*** Opening SUPPLIED MATERIAL ***
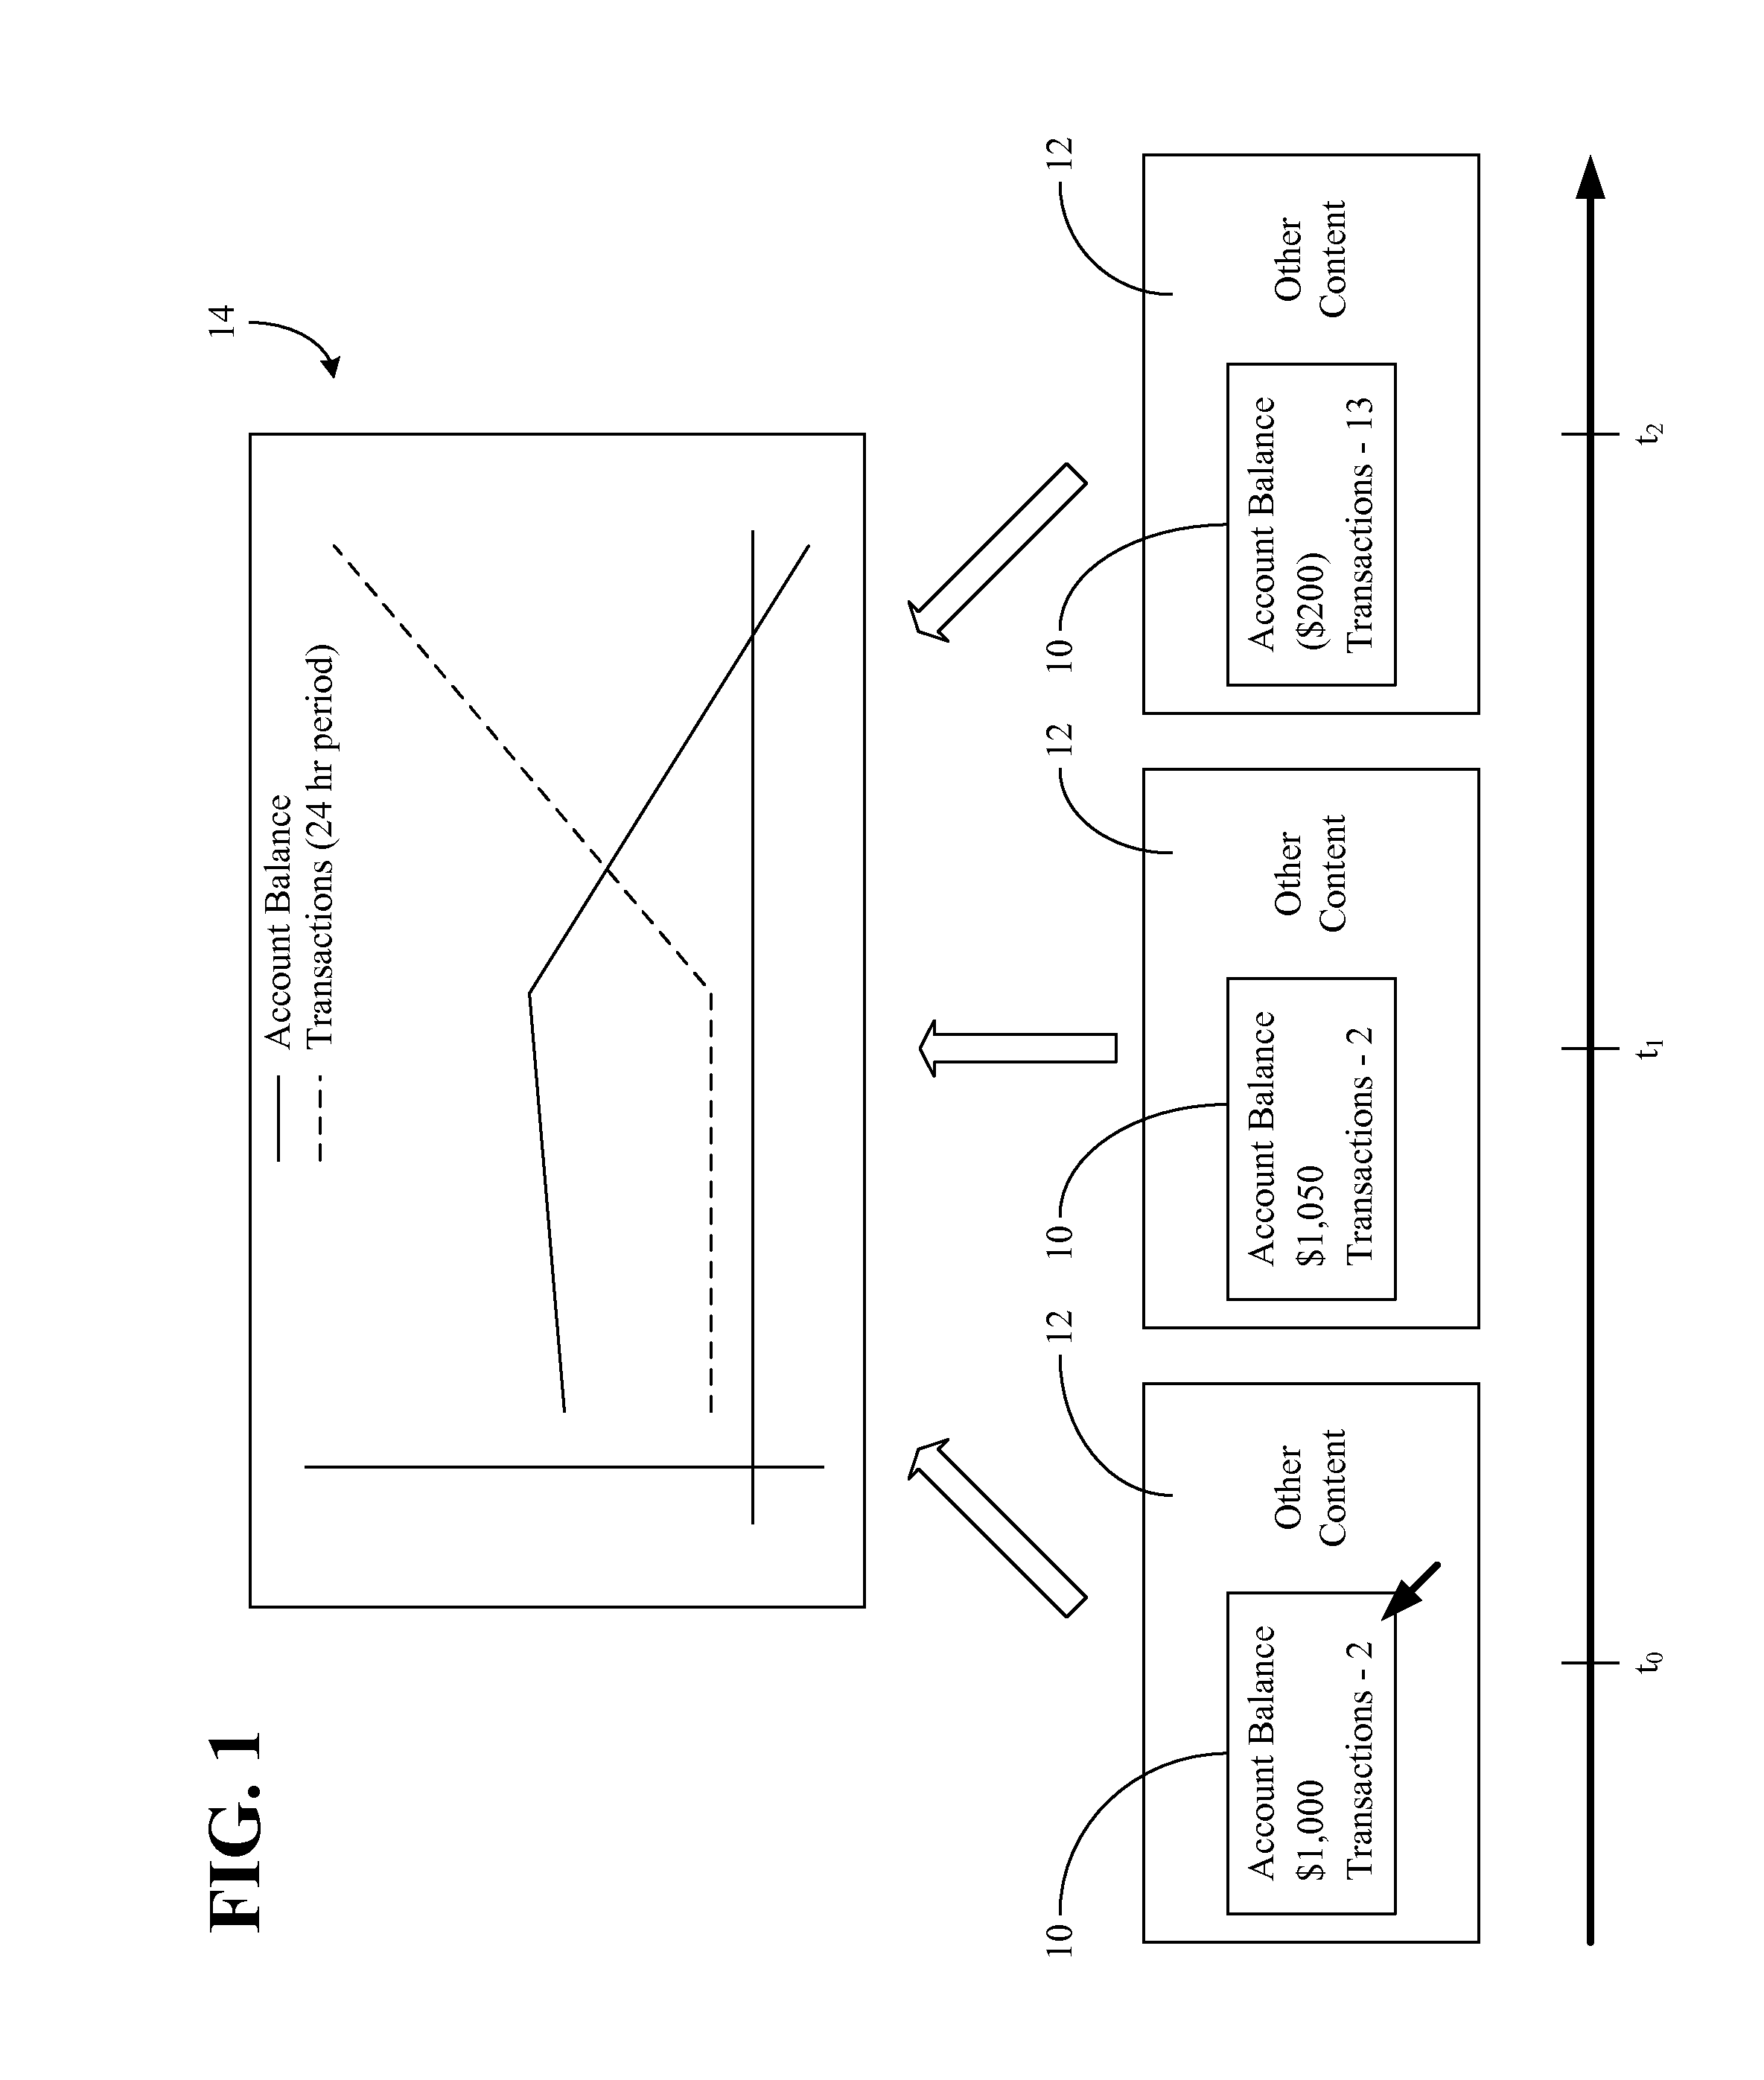 Displaying quantitative trending of pegged data from cache
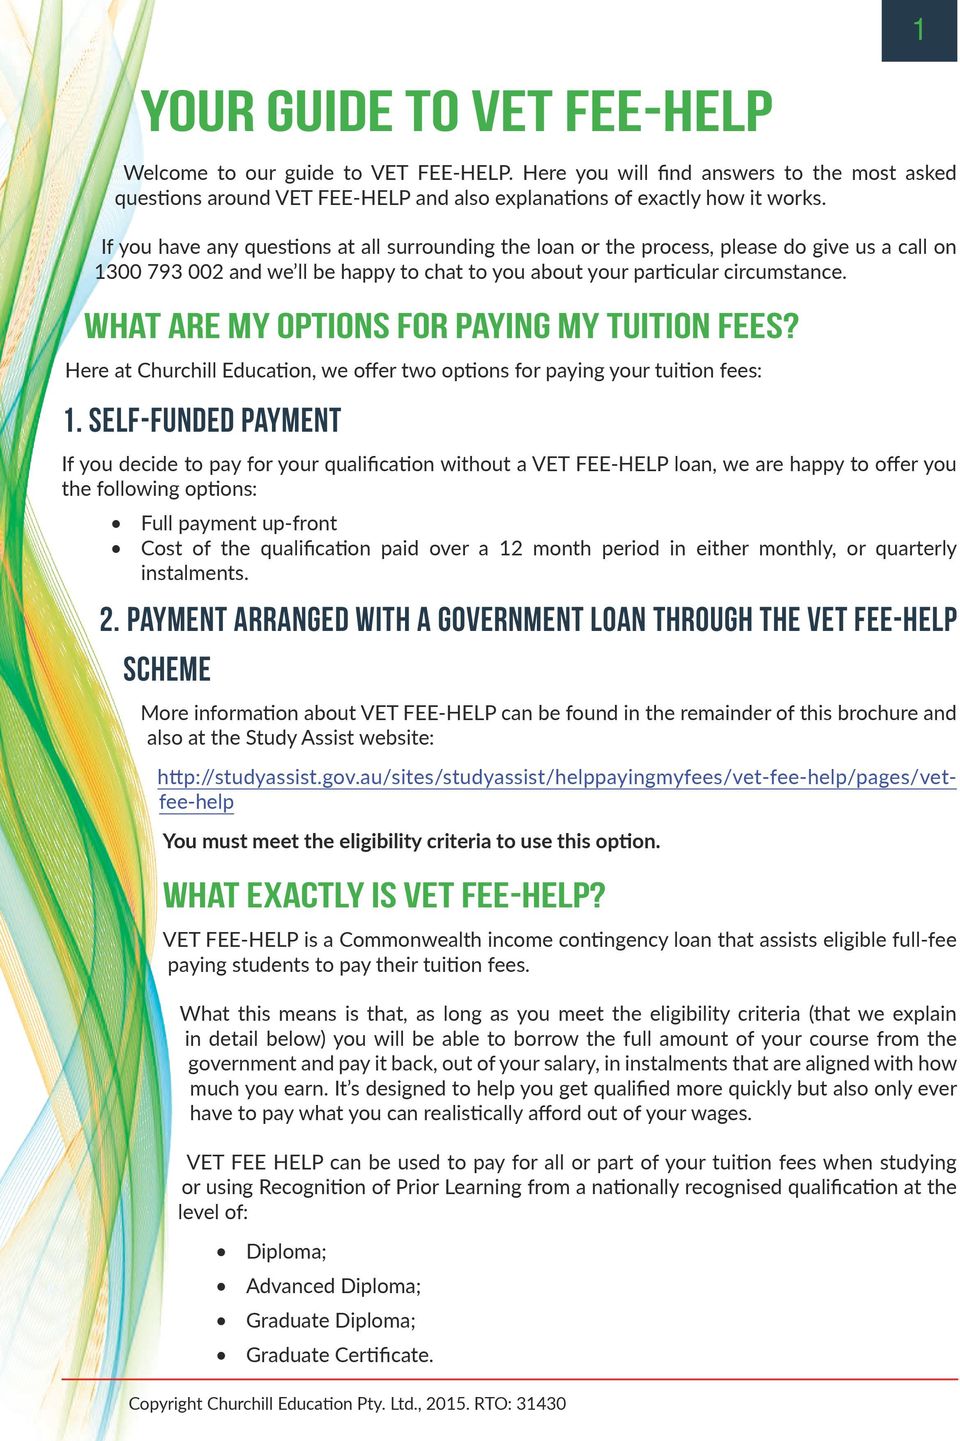 What are my options for paying my tuition fees? Here at Churchill Education, we offer two options for paying your tuition fees: 1.
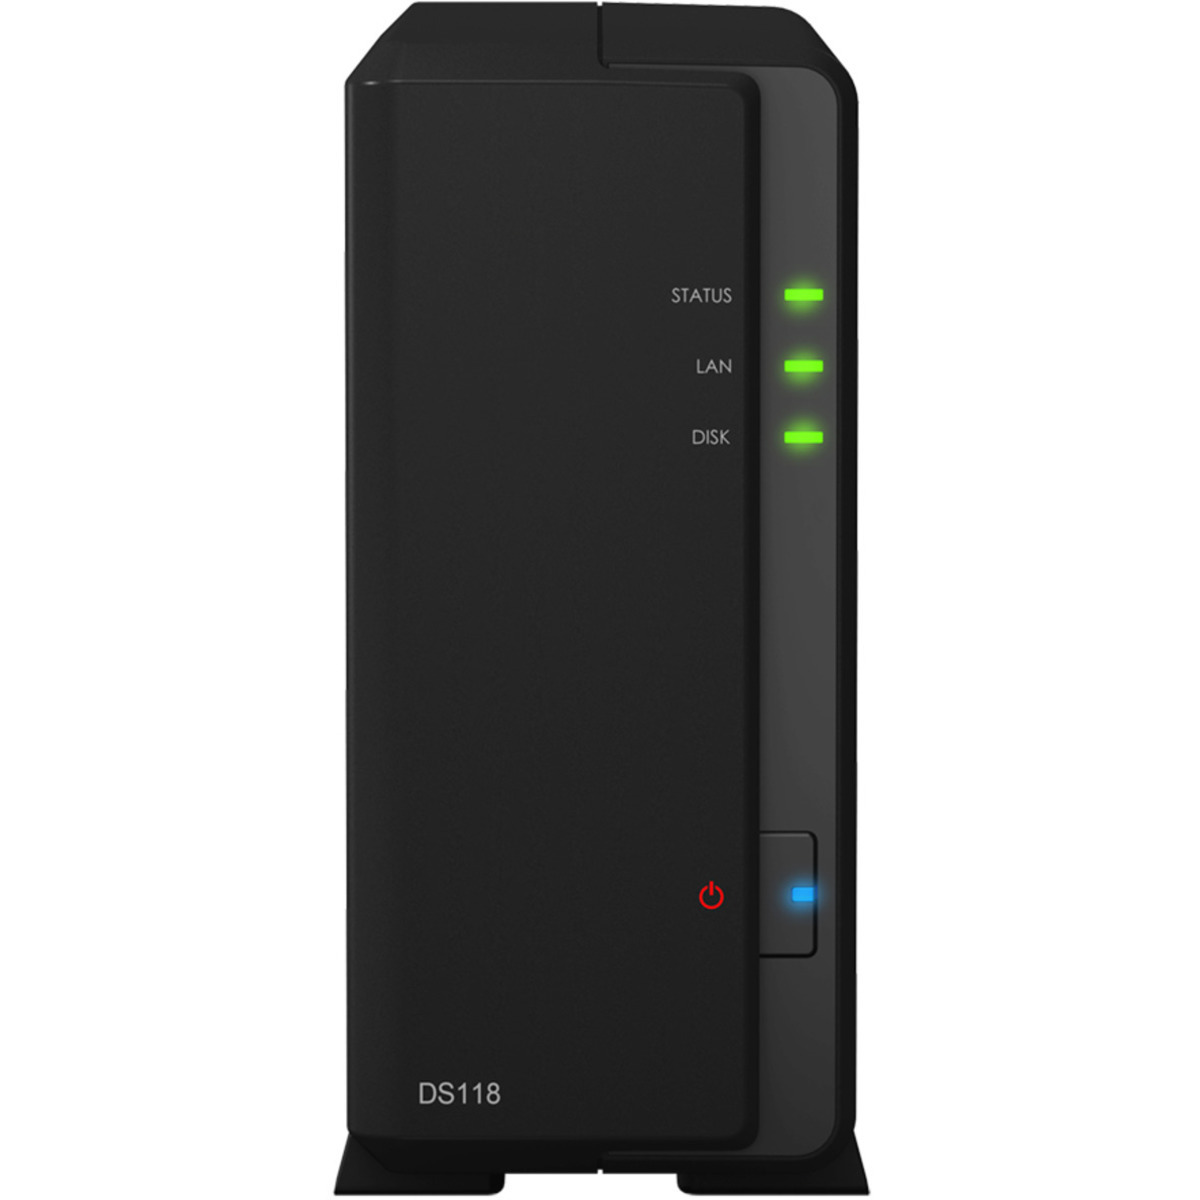 buy $309 Synology DiskStation DS118 2tb Desktop NAS - Network Attached Storage Device 1x2000gb Seagate BarraCuda ST2000DM008 3.5 7200rpm SATA 6Gb/s HDD CONSUMER Class Drives Installed - Burn-In Tested - ON SALE - nas headquarters buy network attached storage server device das new raid-5 free shipping usa christmas new year holiday sale DiskStation DS118
*** Closing SUPPLIED MATERIAL ***
EXERCISE OBJECTIVE => A word-for-word copy of all the data is required, minus the pictures.

EXERCISE RESULT =>
 Displaying quantitative trending of pegged data from cache
 What are my options for paying my tuition fees? Here at Churchill Education, we offer two options for paying your tuition fees: 1.
 buy $309 Synology DiskStation DS118 2tb Desktop NAS - Network Attached Storage Device 1x2000gb Seagate BarraCuda ST2000DM008 3.5 7200rpm SATA 6Gb/s HDD CONSUMER Class Drives Installed - Burn-In Tested - ON SALE - nas headquarters buy network attached storage server device das new raid-5 free shipping usa christmas new year holiday sale DiskStation DS118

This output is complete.